But before he can scramble off of Oikawa, he’s being dragged back forward and then Oikawa’s lips are suddenly on his, soft and bitter from the beer he had drank earlier. To Iwaizumi’s credit, he does struggle for a few seconds. Then he’s lost in the warmth of Oikawa’s mouth, the hot slide of his tongue and it’s easy to forget why he would ever want to move away from this.

When they part, Oikawa is watching him under heavy lidded eyes, licking his lips as his alcohol tinged breath brushes over the hollow of Iwaizumi’s neck.

It takes Iwaizumi a moment to gather his wits, and then he’s shoving Oikawa back roughly and demanding, “What the fuck was that?”

“I got tired of waiting,” Oikawa says, as if it’s as simple as that.
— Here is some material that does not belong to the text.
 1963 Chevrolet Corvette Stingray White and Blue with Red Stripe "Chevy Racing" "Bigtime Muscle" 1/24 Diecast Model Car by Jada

He’s reaching for Iwaizumi again, but Iwaizumi slaps his hand away and stares at him instead.

The glass lays forgotten beside them, a dark stain spreading over the plush green seat.
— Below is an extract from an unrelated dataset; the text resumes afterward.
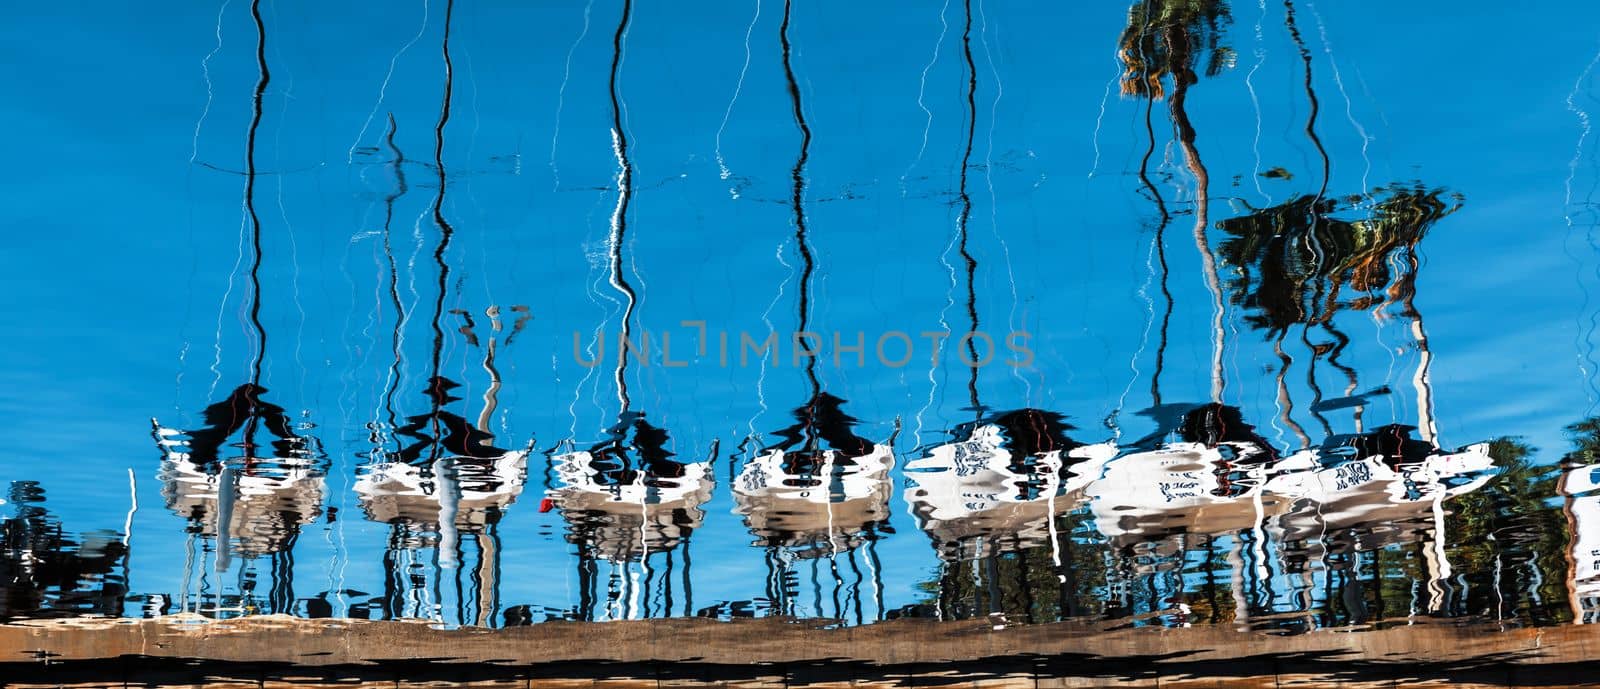 Water reflection of the line of sailboats docked by palinchak

“Come on, just kiss me again,” Oikawa says. His voice is low and coy.

Iwaizumi dimly registers that he’s still straddling Oikawa’s legs, his half hard cock nudging Oikawa’s thigh.

“Why?” Iwaizumi manages to say. His own voice is a thin rasp, and he swallows uselessly. “If you’re just fucking around…”

“I’m not,” Oikawa insists. He spreads his hands in a show of innocence, his face relaxing into something open and inviting. “I tried! Dropping hints, little comments. Walking out naked in front of you. Asking you to help me with stretching. Touching your arm whenever mmf-!”

Oikawa tries to keep talking, but Iwaizumi suddenly has his hand clamped over Oikawa’s mouth as he stares down at him, aghast. _That_ was Oikawa’s idea of a confession?

Iwaizumi doesn’t know whether to laugh or cry. Something rough brushes across his palm, and Iwaizumi jerks his hand away in disgust when he realises Oikawa is licking him.

“You’re a fucking idiot,” Iwaizumi tells him, meaning every word. “A huge, fucking idiot.”

Oikawa hums at him, the beginnings of a smug smile growing at the corner of his lips. “I know you like me back, Iwa-chan. So are we going to do it?”

“What the fuck,” Iwaizumi growls, and he snatches up the couch cushion beside them and slams it into Oikawa’s face. He hears a muffled yelp from the other side. “You’re drunk to high hell, Asskawa, and we aren’t doing shit until you can say that to my face while sober.”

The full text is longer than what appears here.